A audiência pública que debaterá o projeto 14726/2025, que cria o Programa Municipal Antirracista, será realizada no próximo dia 19, a partir das 18 horas, na Câmara de Jundiaí. A iniciativa é da vereadora Mariana Janeiro(foto). A parlamentar explica que a proposta tem como objetivo promover a igualdade racial, combater o racismo e garantir ambiente inclusivo e respeito a todas as pessoas afrodescendentes de Jundiaí. “O texto busca sensibilizar as pessoas sobre a existência do nefasto preconceito racial, os impactos na vida das pessoas negras e a importância de combater esse mal que aflige nossa sociedade”, afirma Mariana. Ainda não há data para a votação em plenário do programa.
Se a proposta for aprovada e sancionada pelo prefeito Gustavo Martinelli, o município se comprometerá com as seguintes ações de promoção da igualdade racial e combate ao racismo:
– Reforçar e aprimorar as políticas de ação afirmativa já em vigor no município, incluindo cotas em concursos públicos e a promoção da diversidade nos quadros de funcionários;
– Realização de campanhas de conscientização pública sobre o racismo e suas implicações, bem como manter a celebração do Dia da Consciência Negra;
– Oferecer letramento regular de conscientização e combate ao racismo para funcionários públicos, mesmo considerando os avanços já obtidos;
– Definir o antirracismo como um compromisso fundamental da cidade.

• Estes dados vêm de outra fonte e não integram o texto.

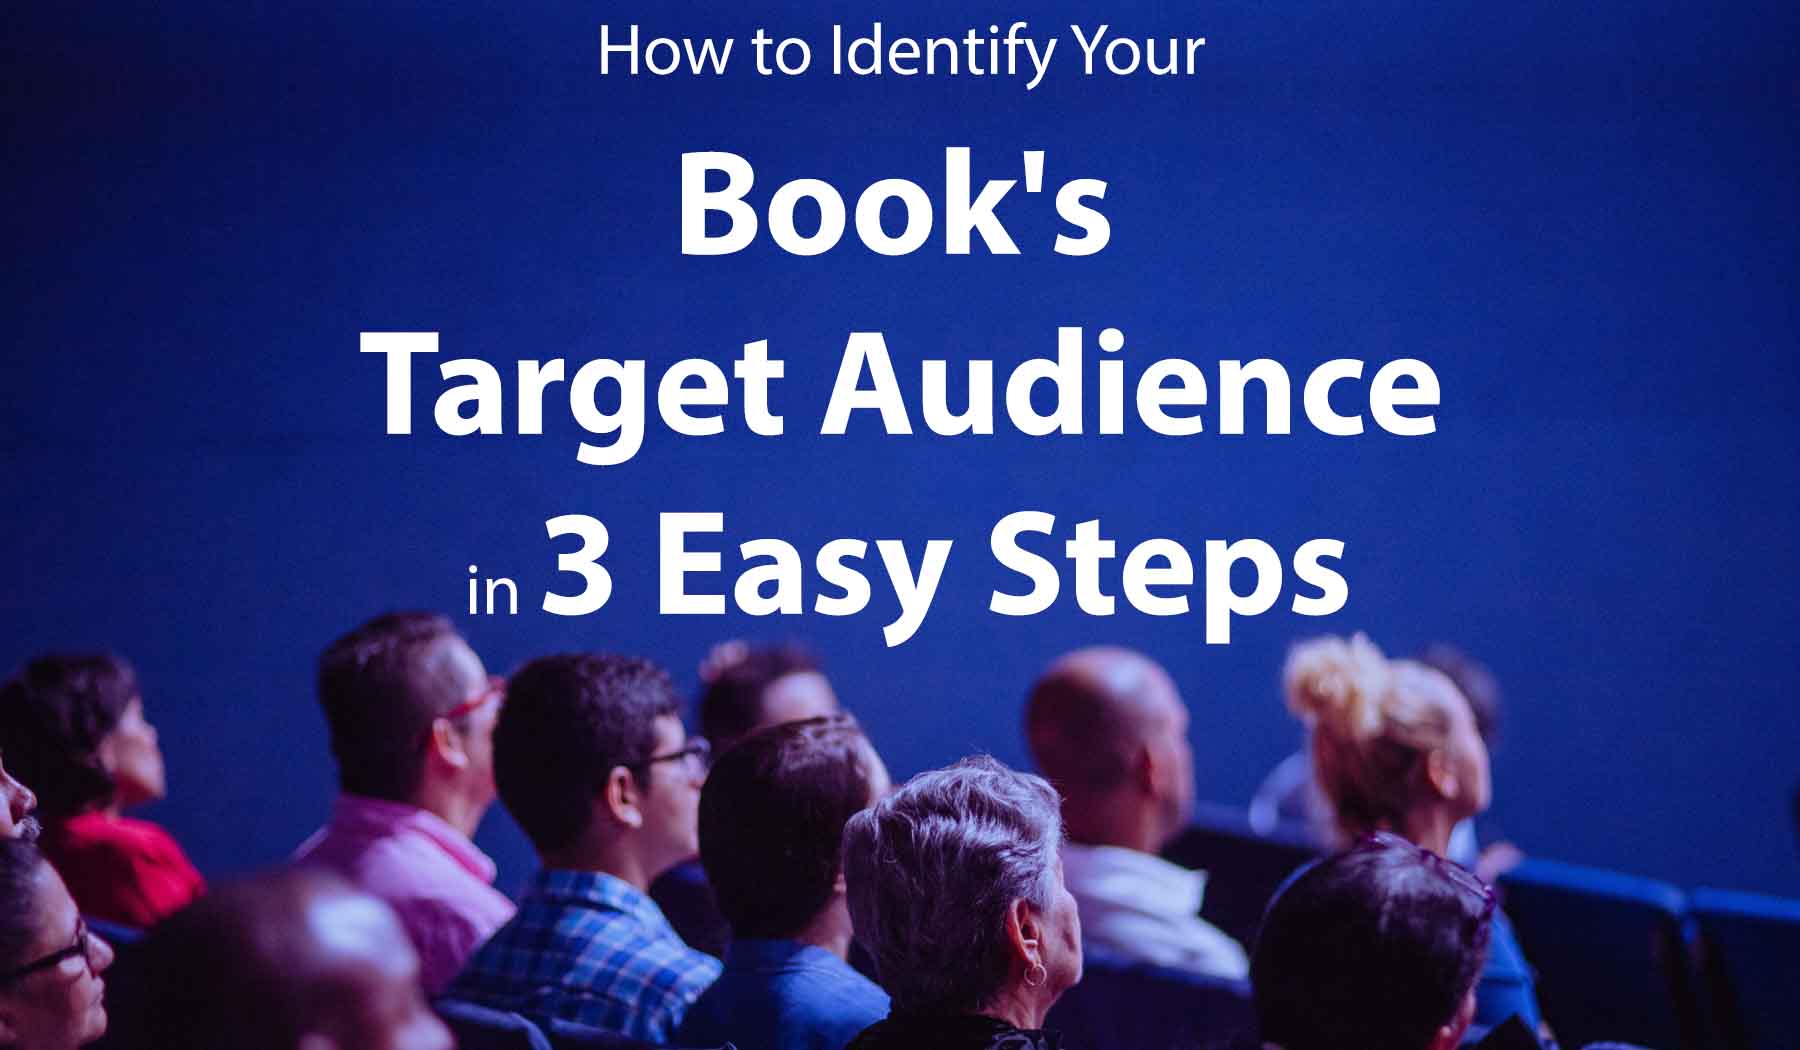 How to Identify Your Book's Target Audience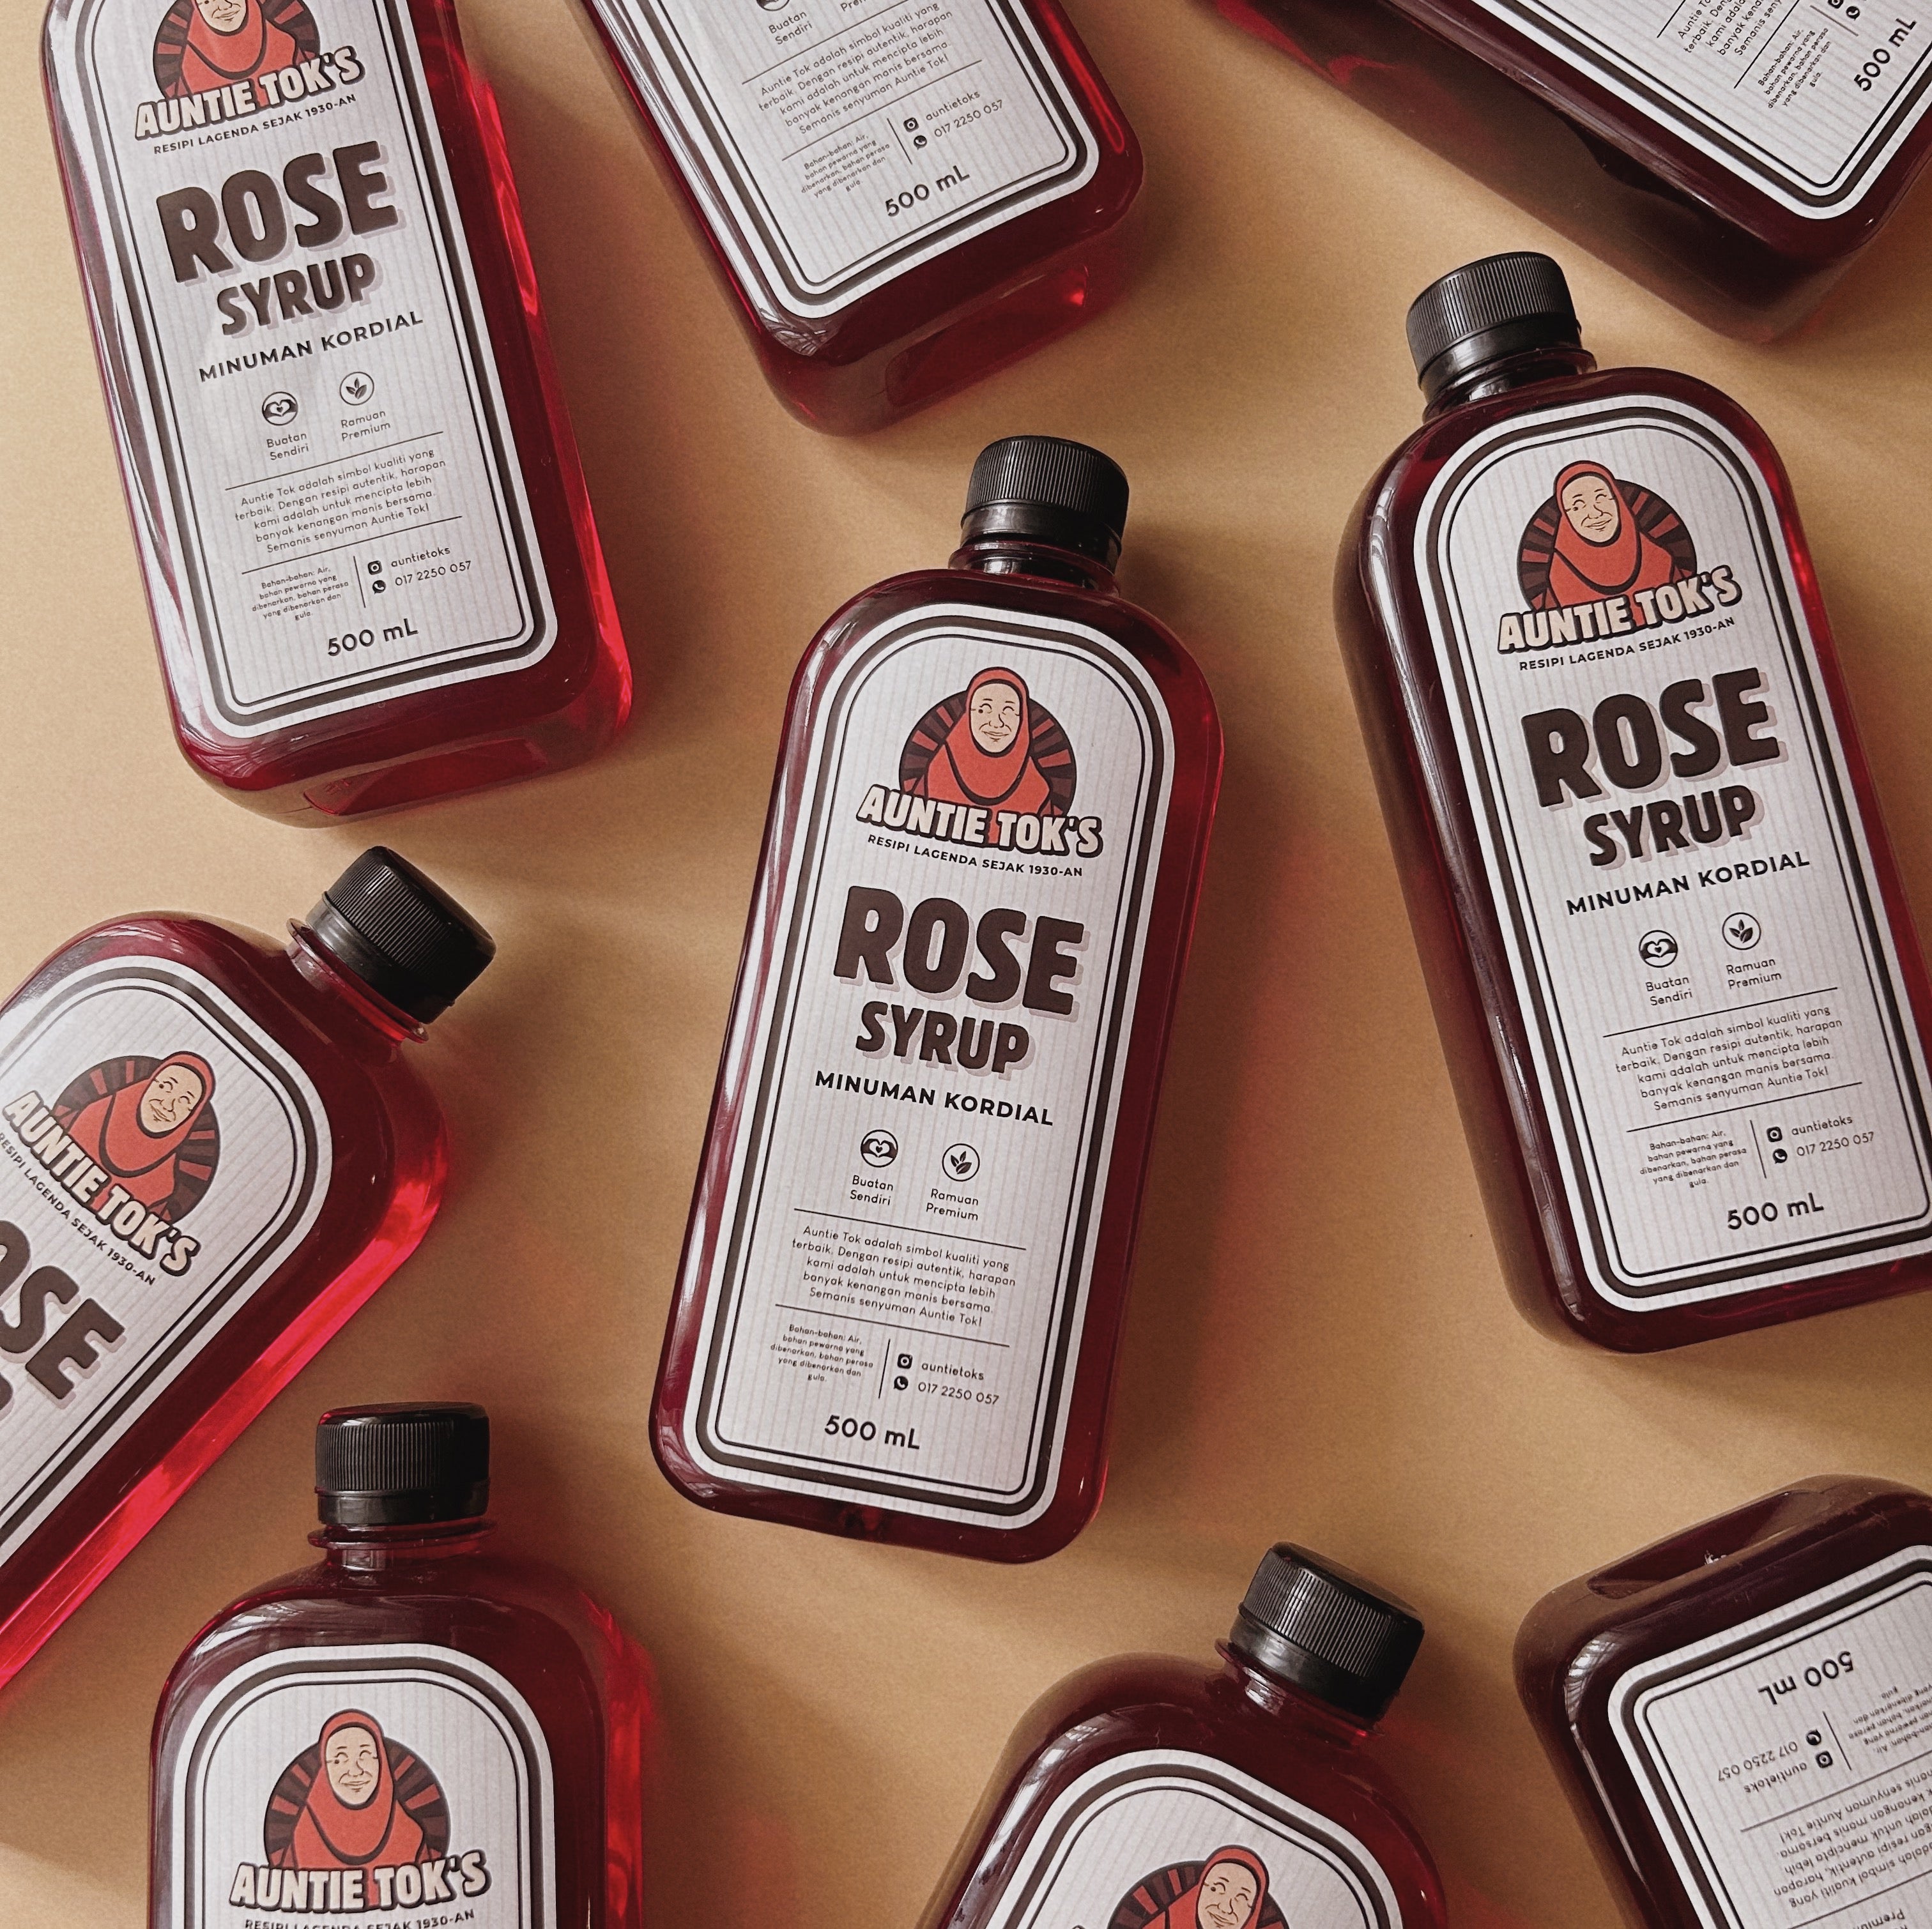 Auntie Tok's Rose Syrup

Já o Conselho Municipal de Participação e Desenvolvimento da Comunidade Negra de Jundiaí (CMDPCN) será ouvido na implementação do programa e deverá participar, acompanhar e avaliar a política municipal antirracista. Também será responsabilidade do CMDPCN: promoção de articulações entre secretarias para a implementação da política municipal; estimular o desenvolvimento de ações de capacitação, qualificação e requalificação das pessoas negras e trabalhar de forma articulada com os empreendedores sociais e parceiros dos Movimentos Negros e Movimentos de Mulheres Negras.
Mata Ciliar – Nesta quarta-feira(19), na Assembleia Legislativa, 19 horas, acontecerá audiência pública para discutir a situação da ONG Mata Ciliar, de Jundiaí. Desde 2021, a Mata Ciliar e a VOA-SP, concessionária que administra o aeroporto local, brigam judicialmente. A VOA moveu ação de reintegração de posse contra a ONG, alegando que uma parte do terreno de três hectares, ocupada pela instituição, pertence à área do aeroporto. A associação alega que ocupa a área há mais de 25 anos e que a remoção de sua estrutura comprometeria o trabalho de reabilitação de mais de 1.500 animais silvestres que estão no local.
Segundo os organizadores, “neste ano mais de 5 mil animais silvestres foram resgatados pela equipe. A Mata Ciliar abriga o maior banco genético de felídeos do Brasil e é referência global em reprodução de espécies ameaçadas em laboratório. O impasse jurídico pode ser resolvido com um acordo entre o Governo do Estado e o aeroporto estadual concedido, garantindo a permanência da instituição”. Para eles, a audiência é uma oportunidade fundamental para pressionar, sensibilizar deputados e proteger um dos maiores patrimônios ambientais do país.